He was convicted after a CBS News program aired showing a video of him administering lethal drugs to a 52-year-old man suffering from debilitating amyotrophic lateral sclerosis, or Lou Gehrig’s disease.

By the time of his release from prison, most assisted- suicide advocates had distanced themselves from his views, even though they credited him with raising public awareness on a taboo subject.

In the US, Oregon, Washington and Montana now allow some form of physician-assisted suicide, or what proponents call “death with dignity”.

“Dr Kevorkian himself may not be a good poster boy for the right-to-die movement,” the Pittsburgh Post-Gazette wrote in an editorial after his release.

“But with the first of the 75 million baby boomers now moving into their 60s, the uncomfortable questions Dr Kevorkian raised are not likely to go away. On the contrary, they are apt to be with us more than ever.”

Dr Kevorkian also campaigned to persuade government officials to allow vivisection – live operations – of death row prisoners.

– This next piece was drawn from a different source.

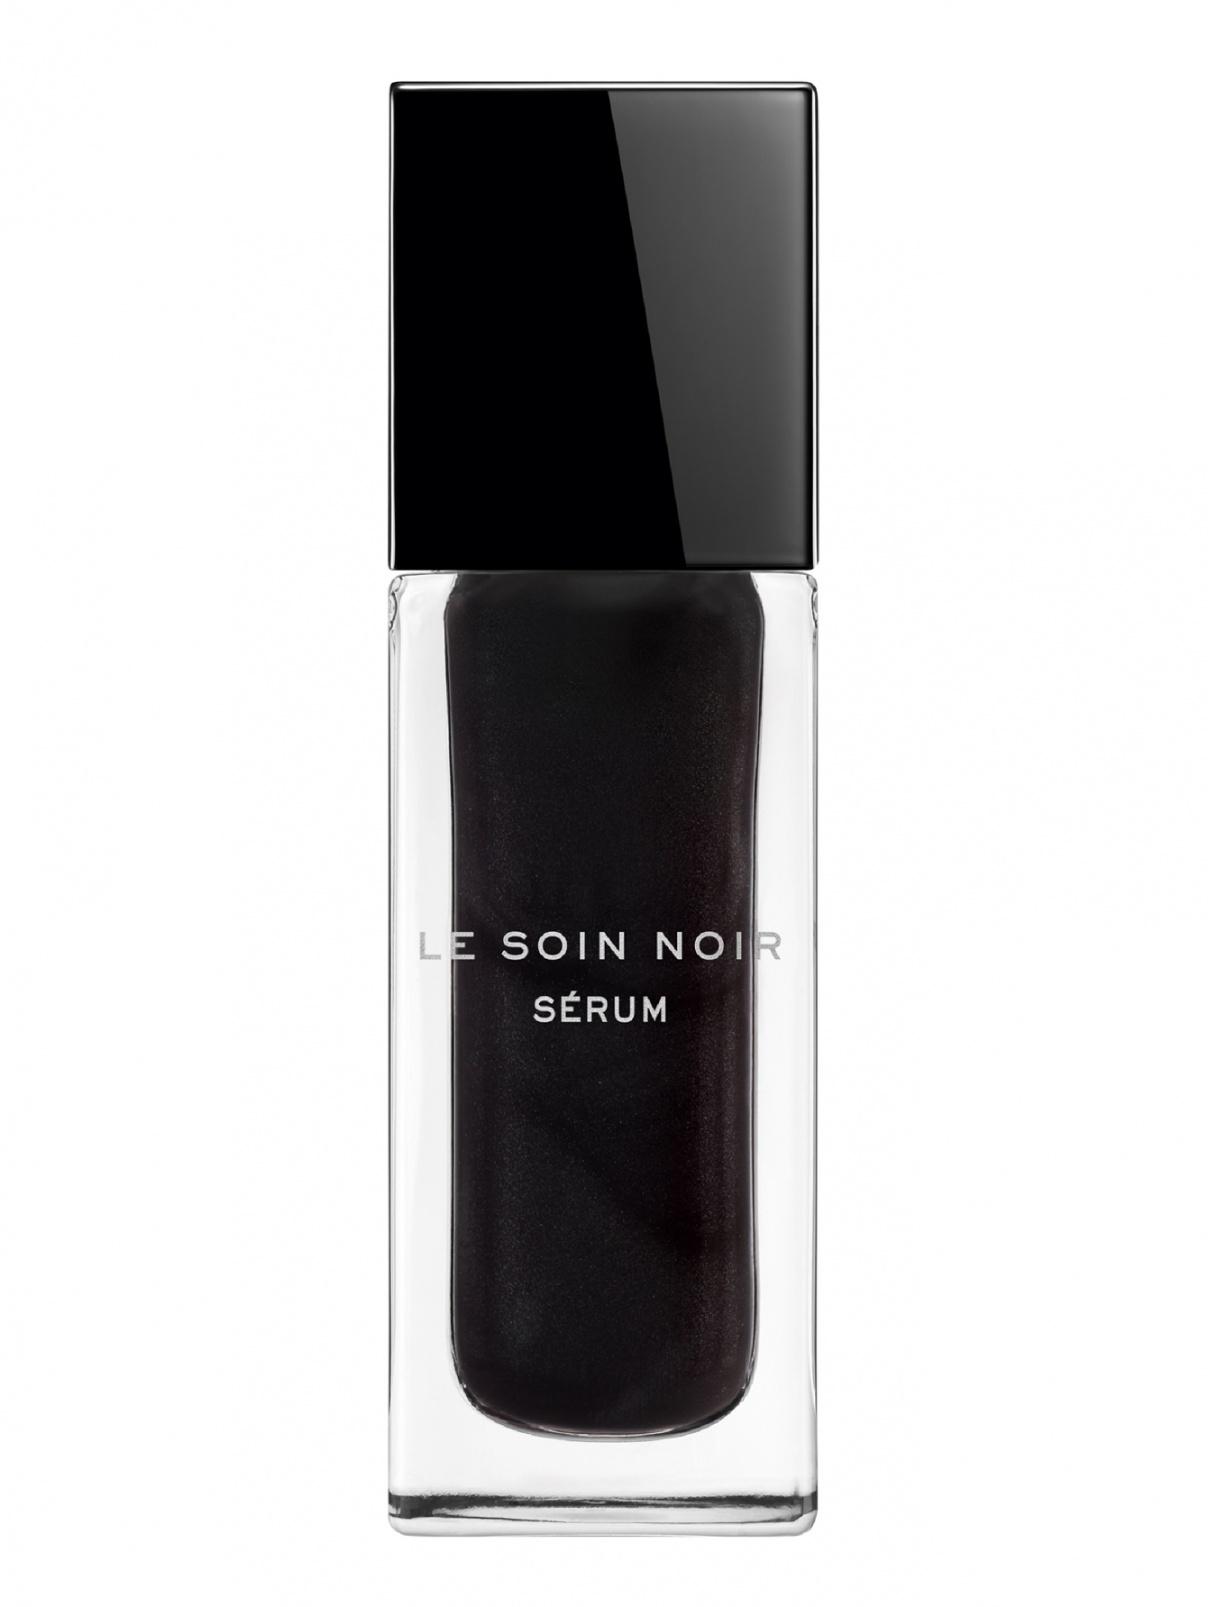 Омолаживающая сыворотка для лица LE SOIN NOIR, 30 мл Givenchy  –  Общий вид

His plan was to anaesthetise the inmates, and then cut them open for testing, transplants and organ harvesting before killing them with a lethal injection.

He brushed aside comparisons to the experiments conducted by Nazi concentration camp doctors.

“Those medical crimes apparently were such a horrendous discovery for the civilised world that, regrettably, they seem to have blunted reason and common sense with regard to the rational assessment of the use of condemned human subjects for research, he wrote.

The Armenian-American doctor did not leave the public eye after his release from prison in 2007, giving occasional lectures and in 2008 running for Congress unsuccessfully.

An HBO documentary on his life Kevorkian and a movie You Don’t Know Jack starring Al Pacino brought him back into the news last year.

In a June 2010 interview with Reuters Television, he said he was afraid of death as much as anyone else and said the world had a hypocritical attitude towards voluntary euthanasia, or assisted suicide.

“Now we’ve avoided death because we don’t like death. Religion says that’s a big enemy, leave it alone. But we went beyond birth, into conception. Now we’re dabbling in that,” he said.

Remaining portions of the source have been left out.